▶ _TASK REQUIREMENTS_: The reply should reproduce every line of the data below word for word, minus any images.
=== DATA EXCERPT ===
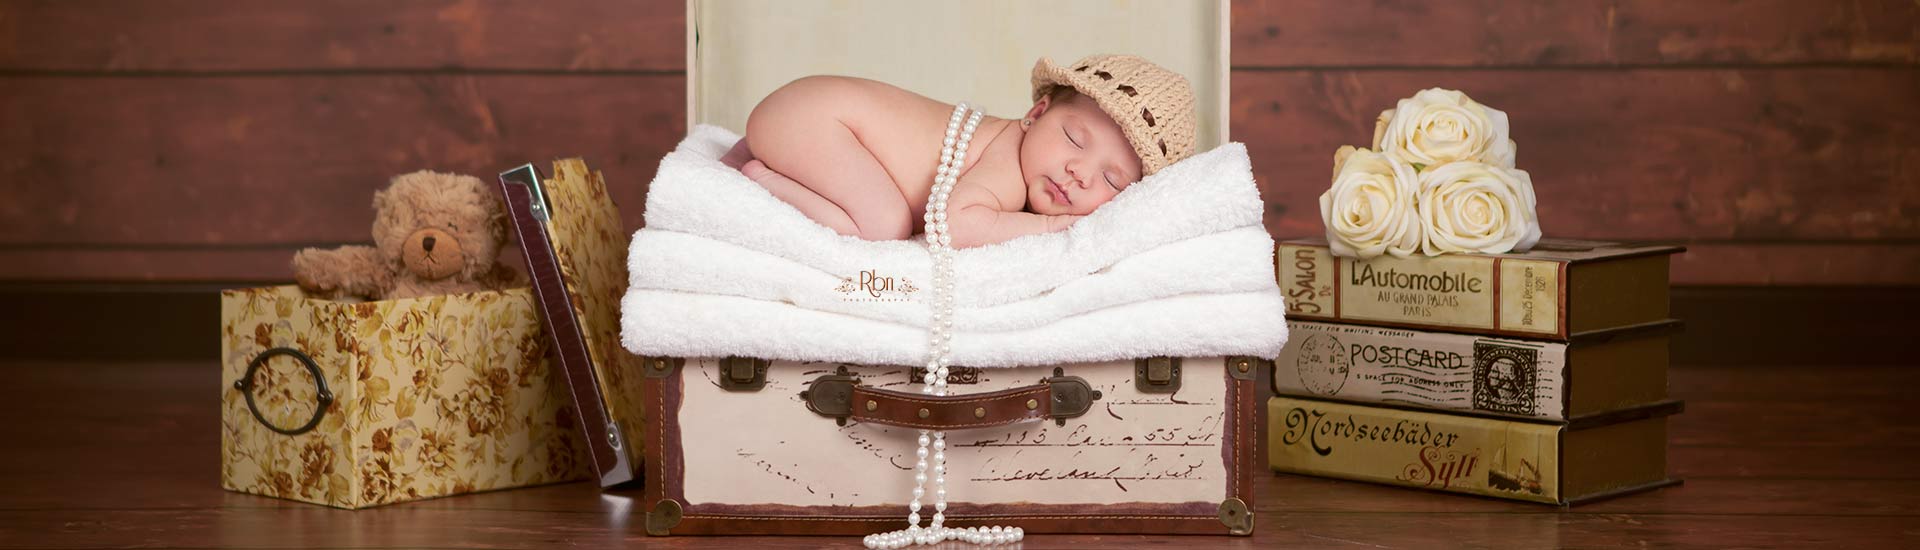 fotografo bebes-fotos estudio bebes-book bebe-fotografos bebes-fotografia de bebes madrid
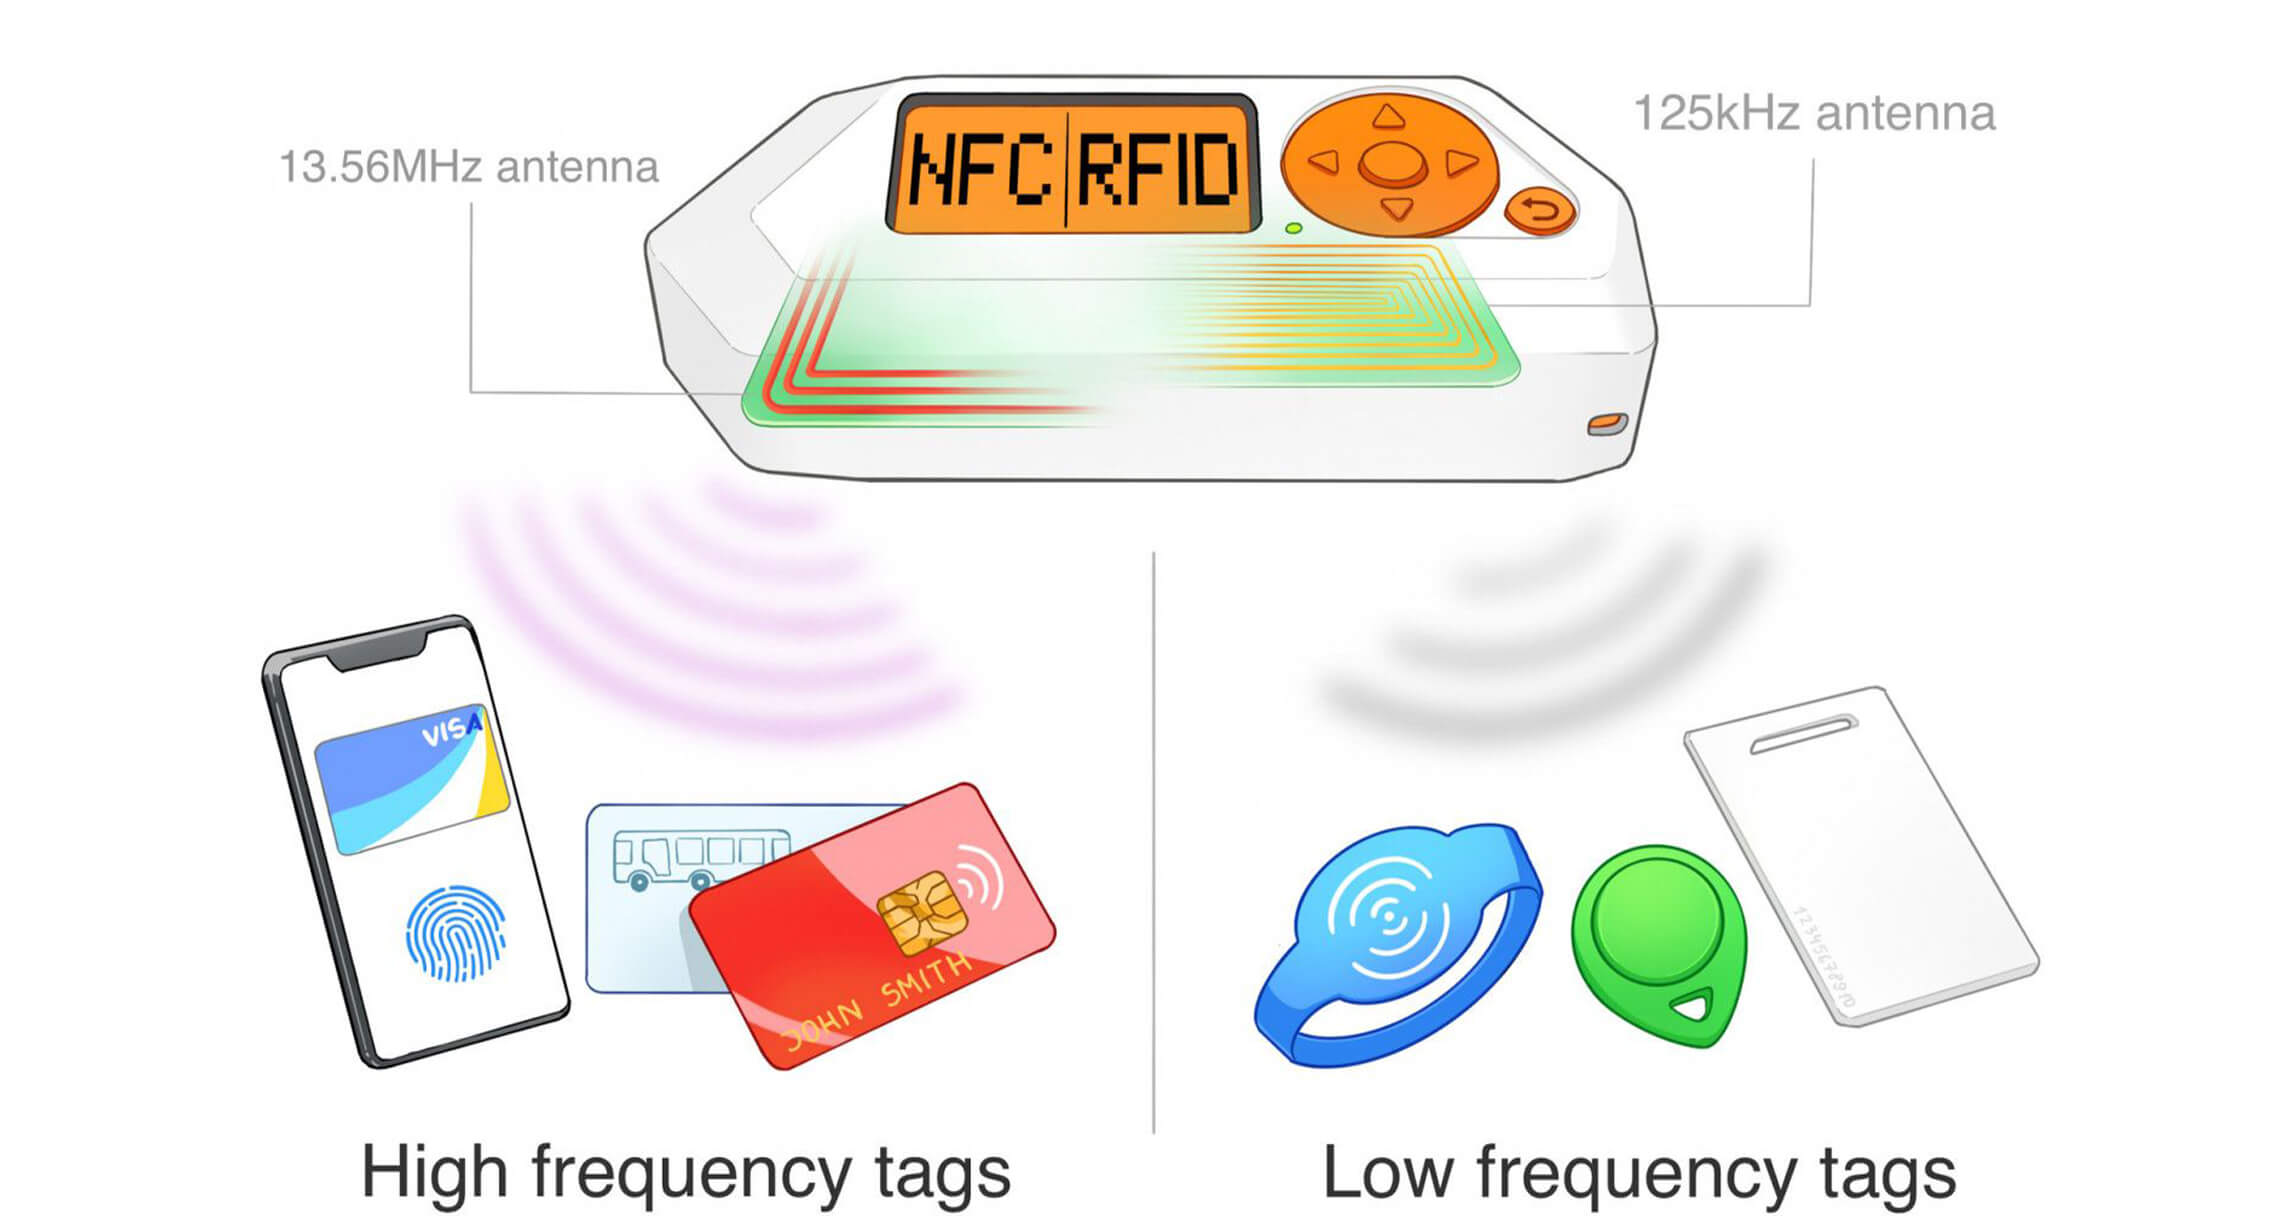 Flipper Zero RFID protocols 13.56 MHz and 125 kHz
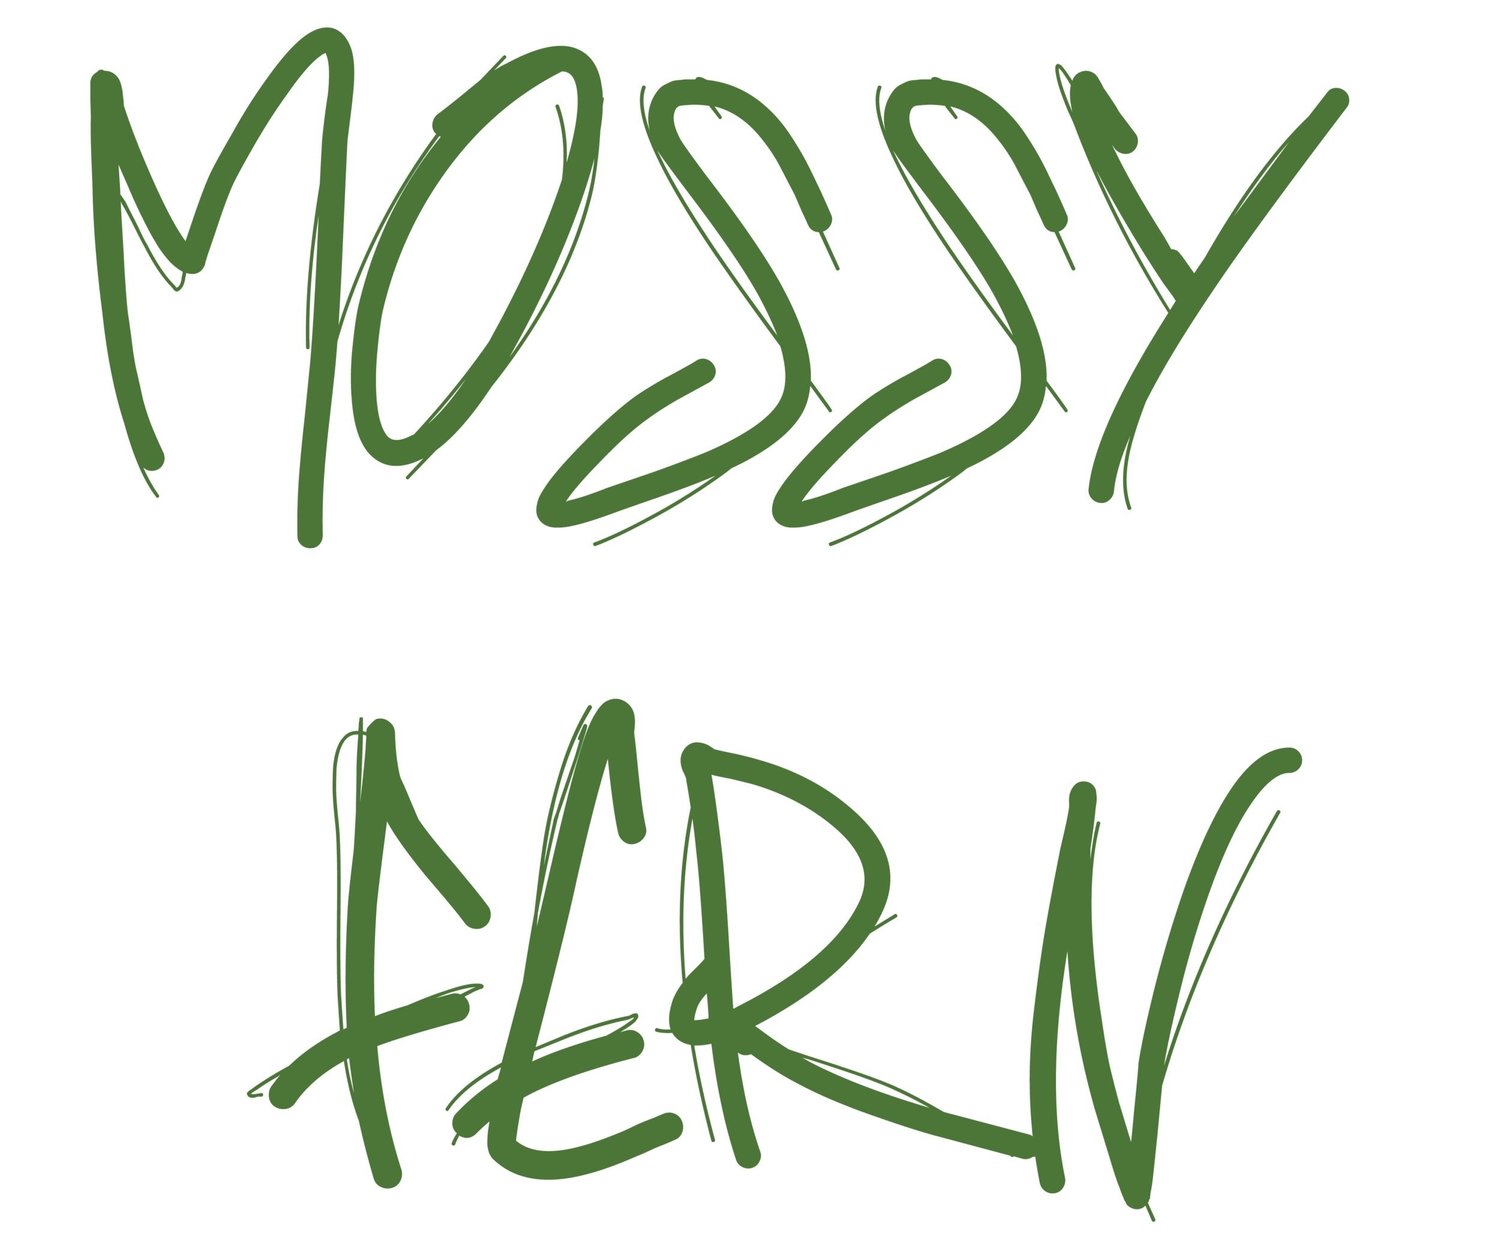 Mossy Fern
===
▶ _PROBLEM SOLUTION_:
 fotografo bebes-fotos estudio bebes-book bebe-fotografos bebes-fotografia de bebes madrid
 Flipper Zero RFID protocols 13.56 MHz and 125 kHz
 Mossy Fern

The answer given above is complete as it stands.